[Pipet Devel] and still more infrastructure things

J.W. Bizzaro bizzaro at bc.edu
Sun Feb 28 07:56:32 EST 1999


Justin Bradford wrote:

> Well, I'm not sure this has been entirely answered. Will the wfs handle
> all the analyses from a single centralized process? Or do you still want
> for a decentralized analysis object (pathway), where each node sends the
> object to the next node, rather than going back to the wfs each time?

My intuition and experience tell me a decentralized pathway will be less
complex, work more efficiently, and be considerably faster.

> What is the distinction between a client and server?
> Is the wfs a client and the analysis tool (gatekeeper) a server?

(sigh) I'm now trying to use your terminology, I think...

    client - process performing analysis or visualization
    server - process controlling workflow and clients

What I was referring to in past e-mails is this...
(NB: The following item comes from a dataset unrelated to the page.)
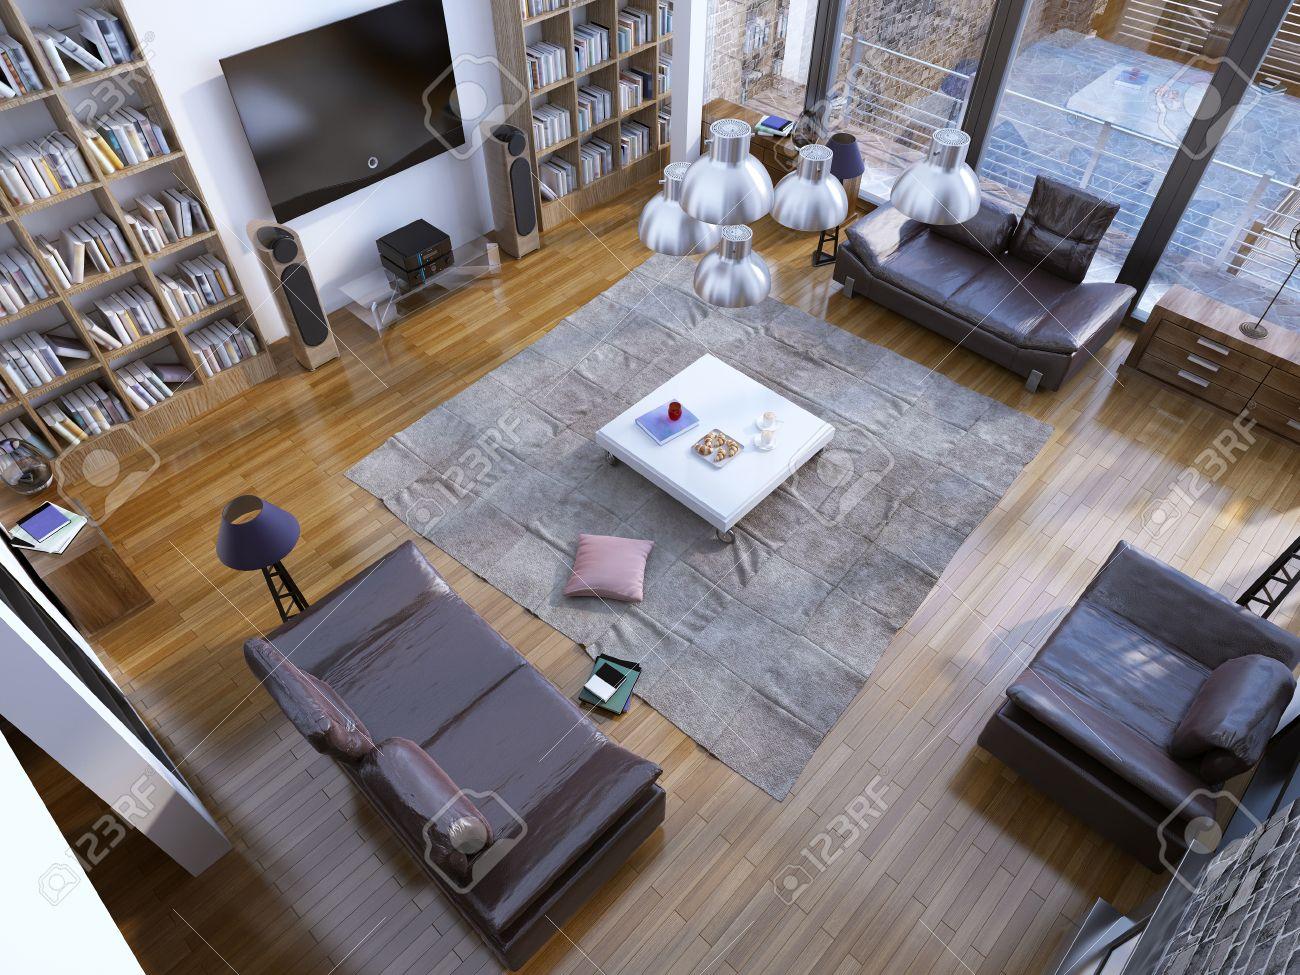 Fantastisch Design Der Modernen Wohnzimmer Mit Heim Bibliothek Und Weiß Niedrigen Tisch  In Der Mitte. 3D
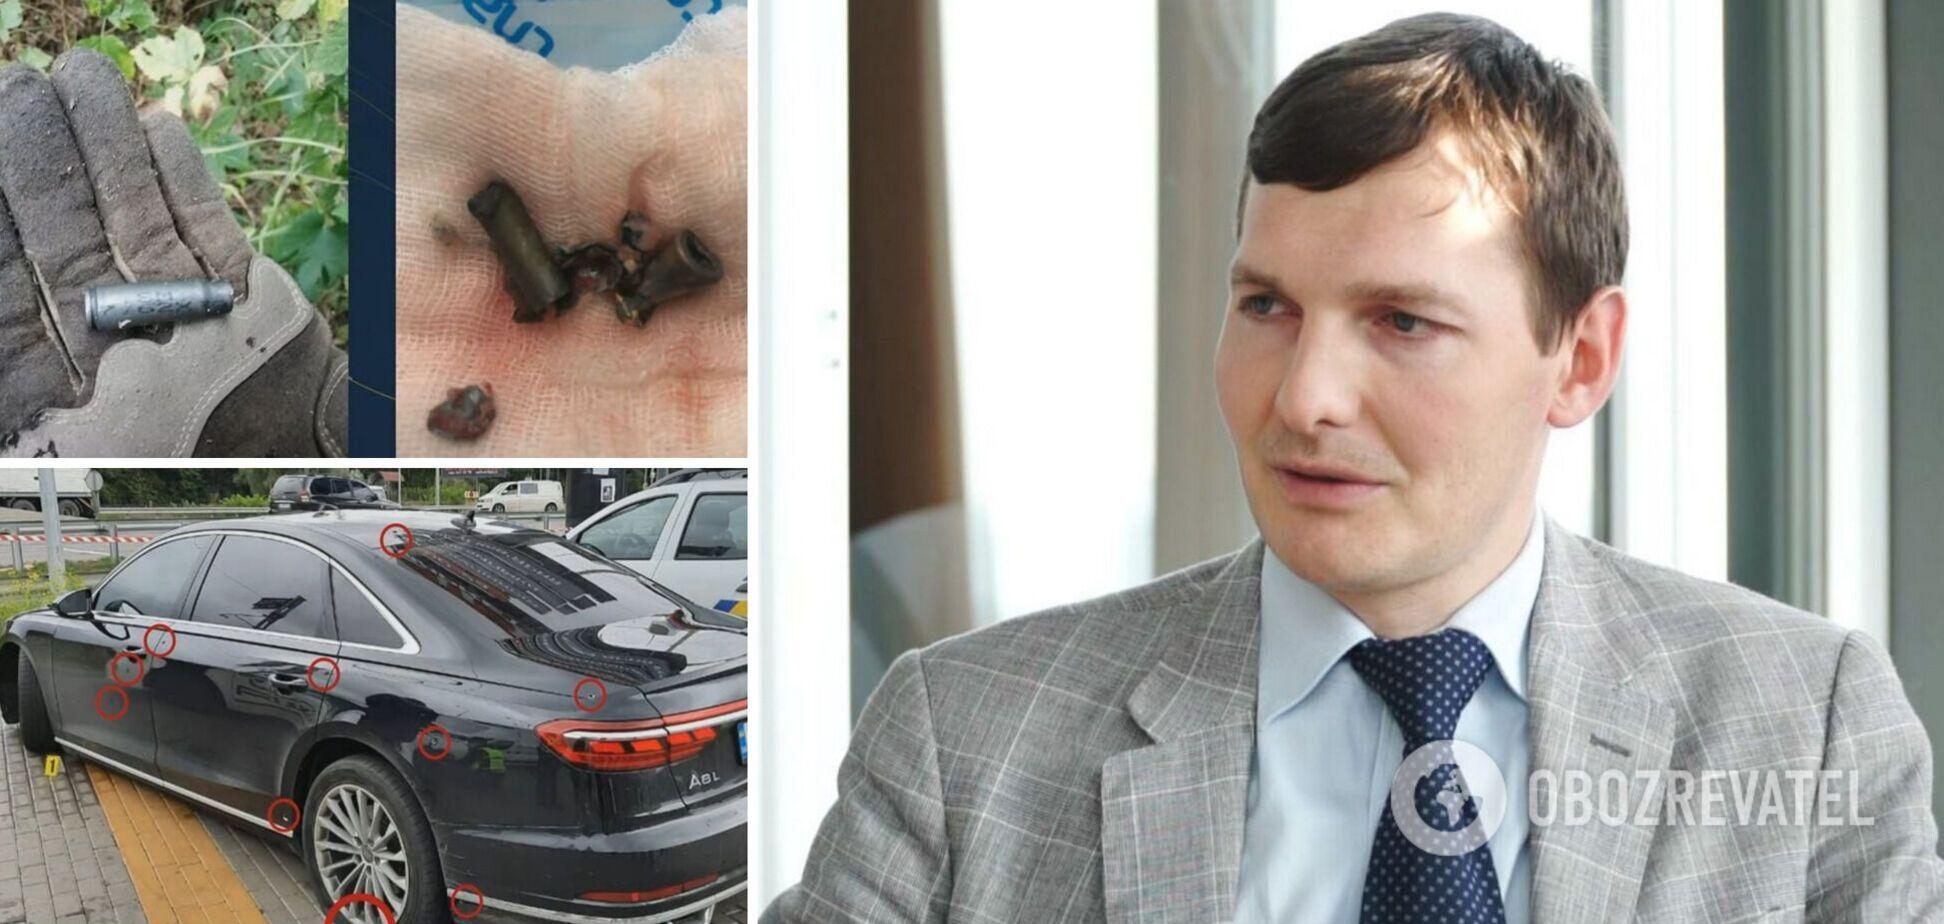 В Шефира стреляли патронами венгерского производства, в Украине таких нет – заместитель главы МВД

    client - local machine
    server - remote machine

You can see, mixing these up can be confusing ;-)

> > Is there really any such thing as an "XML object"?  I mean, XML is a
> > way to save structured data as a _file_.  Python objects, on the other
> > hand, are data structures in memory.  We would just be going back and
> > forth between file and object using XML.
> 
> Yes. I just tend to think of the Paos object structured like the XML file.
> I guess I was basically asking for a DOM interface.

_Structured_, but we are parsing then writing.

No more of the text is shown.